[PYTHON] Create Word2Vec data from Japanese Wikipedia data (Mac compatible)

SS 192.png  テキストデータを手元でベクトル化してみたい。

things to do

I tried the word2vec demo last time, so I'd like to try it in Japanese this time. It seems that Japanese data for word2vec that can be used immediately is also released, but I would like to do preprocessing for learning at hand so that I can create vectors from various data in the future.
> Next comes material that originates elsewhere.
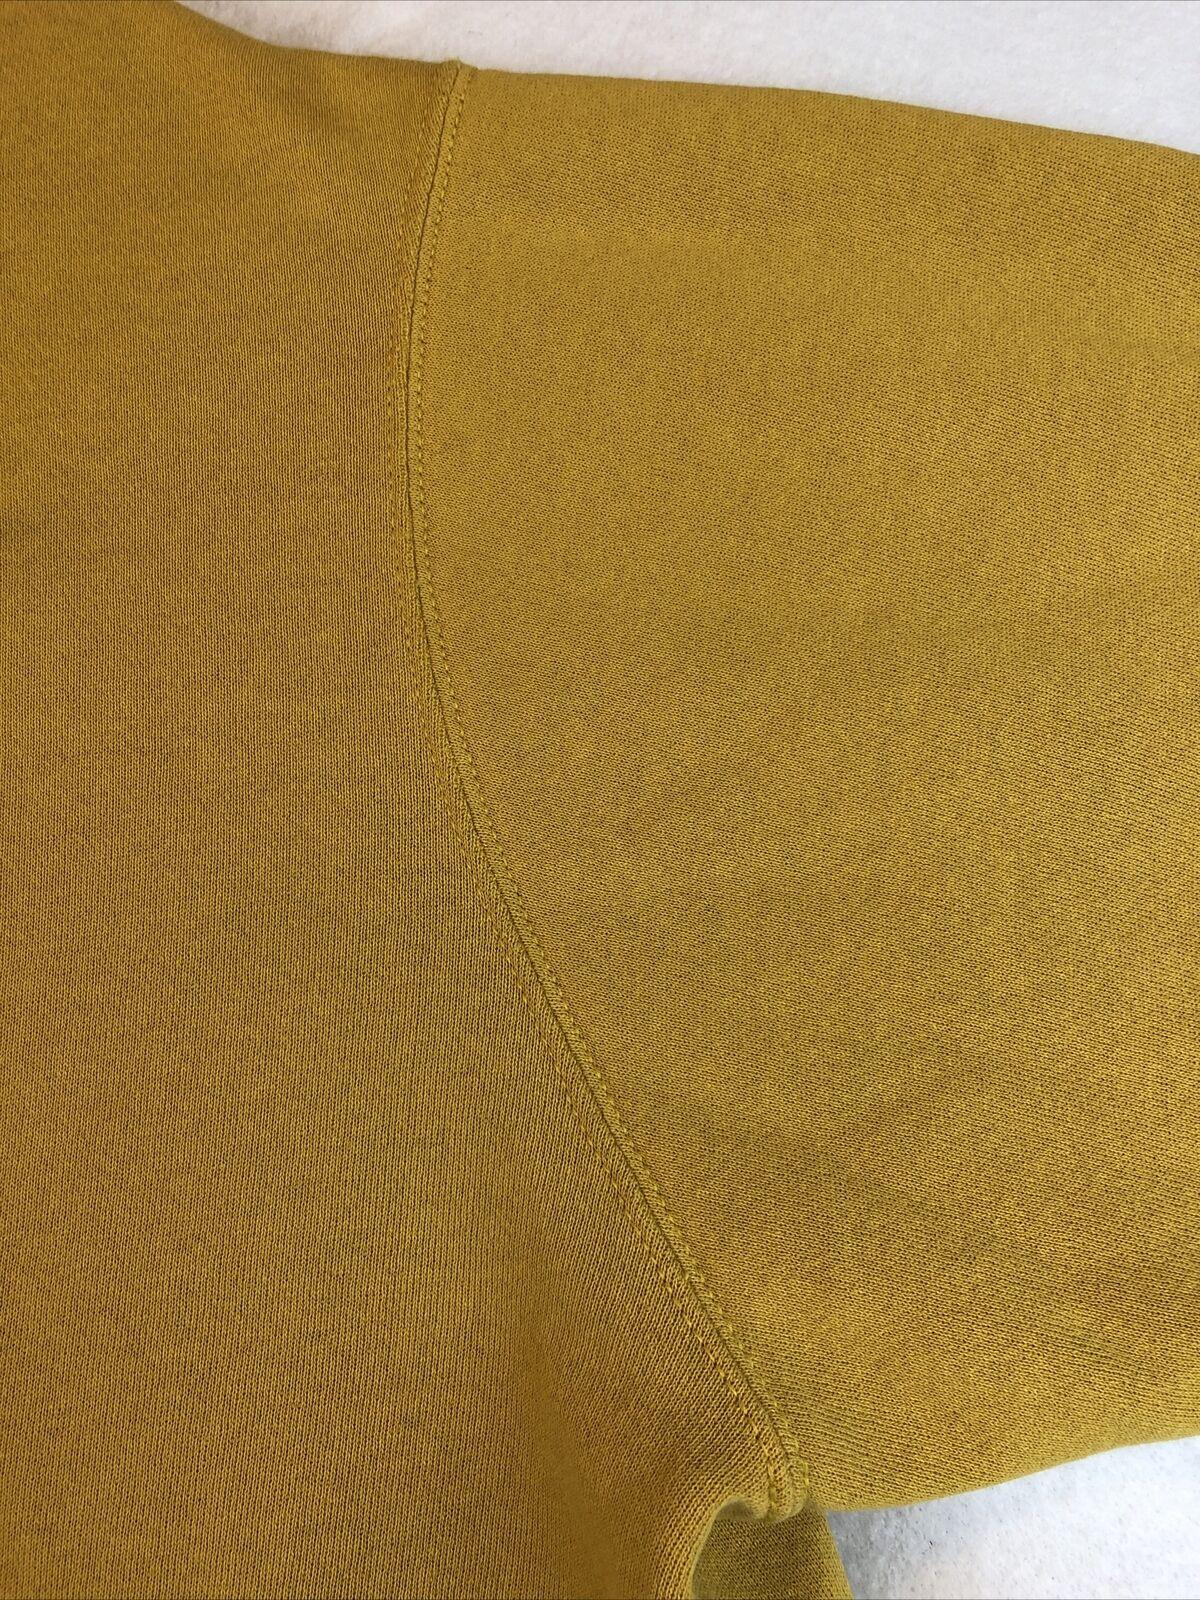 VTG Nike Rare Mustard Yellow Hoodie Sweatshirt Si… - image 11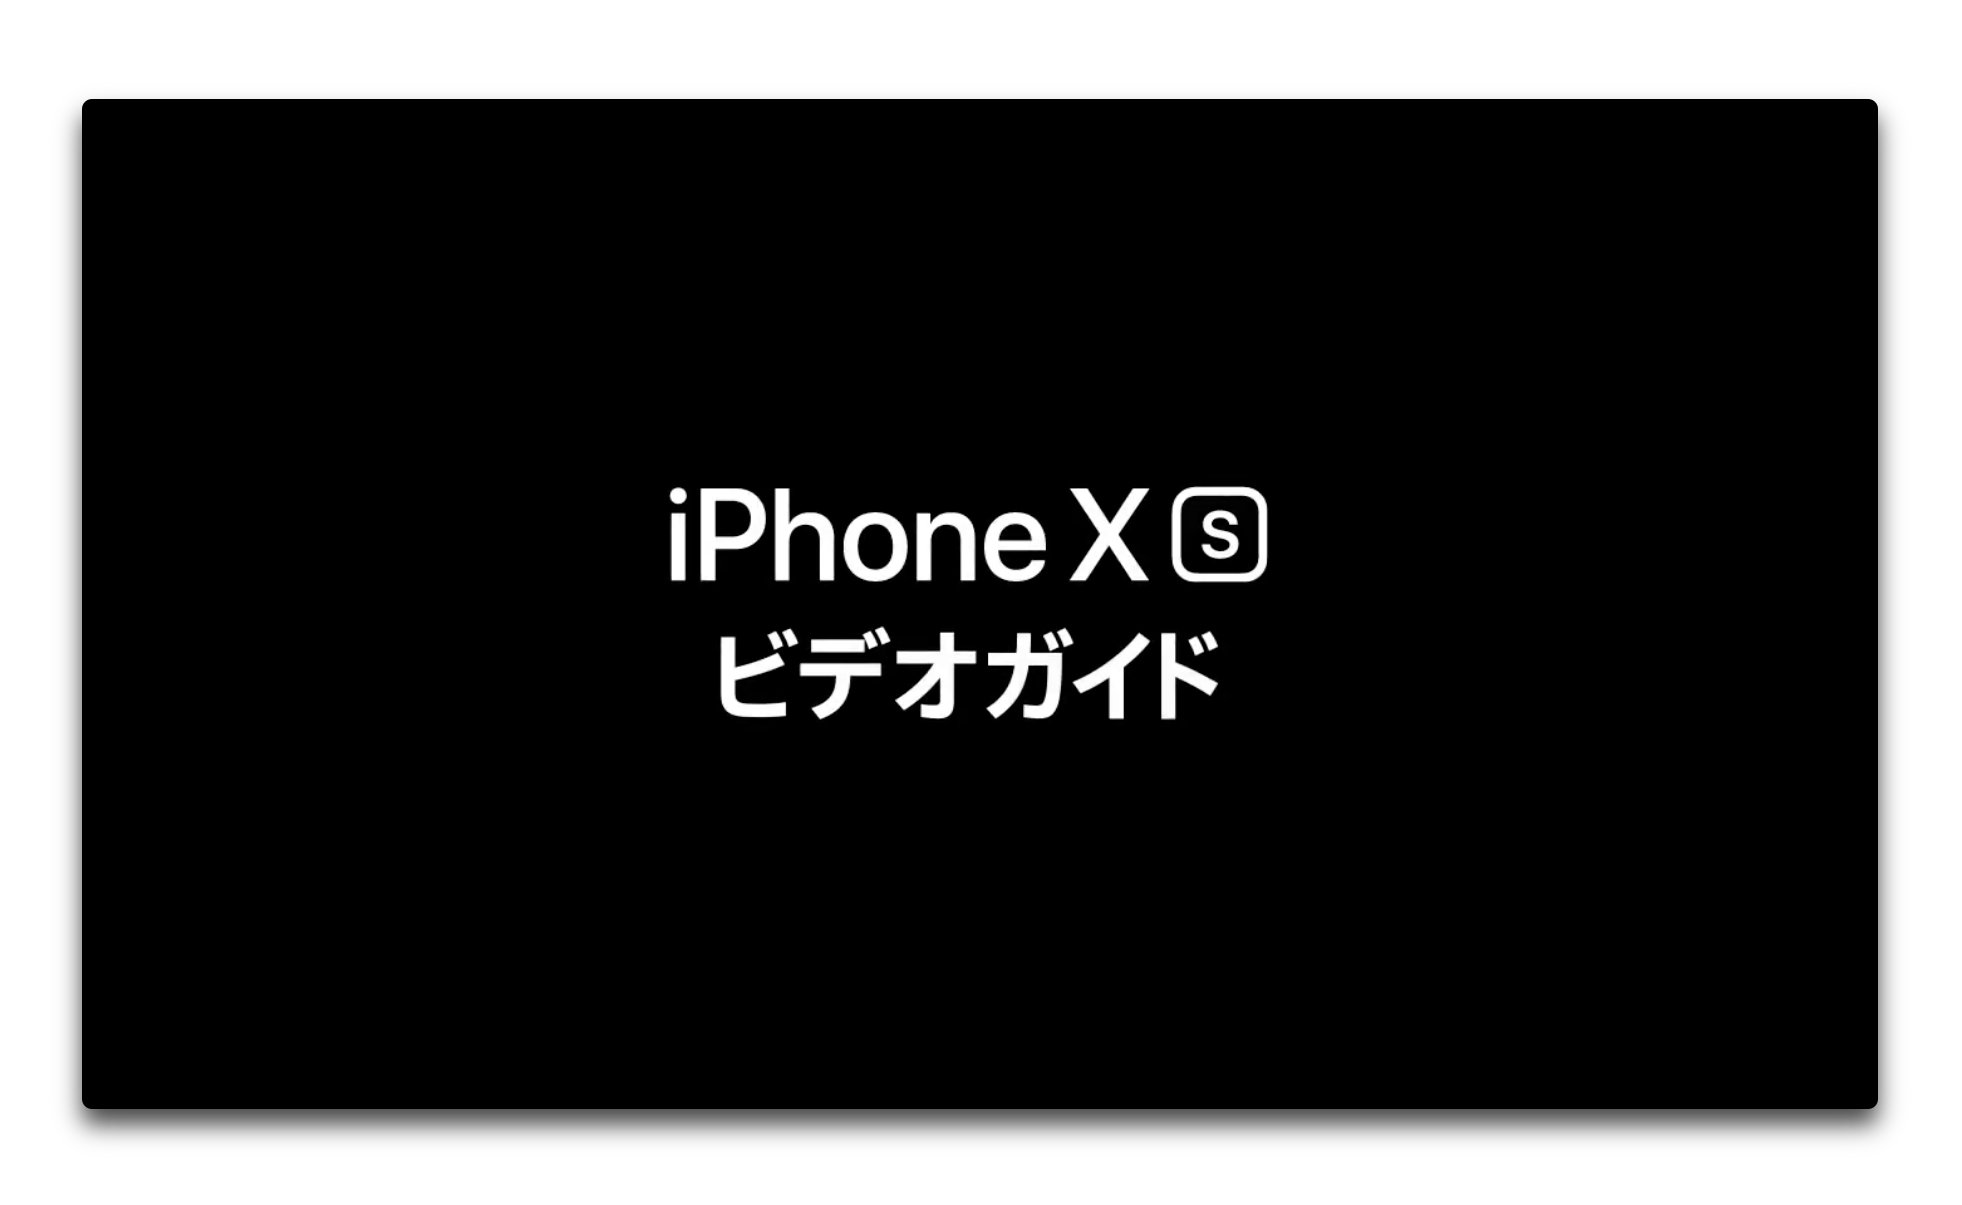 Apple Japan、iPhone XS、iPhone XS/XS Maxの機能を紹介するビデオガイドを公開

Here, we will create vector data from the public data of the Japanese version of Wikipedia.

environment

--Linux system --Valided on MacBookAir 2015. --Small fan (notebook PC tends to get hot during file processing calculation)

manner

install word2vec

(Reference) Previous article

python


$ cd word2vec #Please move to any working directory
$ git clone https://github.com/svn2github/word2vec.git
$ cd word2vec
$ make
$ chmod +x *.sh

If word2vec is already installed, just move to the word2vec directory. In the previous article, I tried everything from installation to playing with a demo.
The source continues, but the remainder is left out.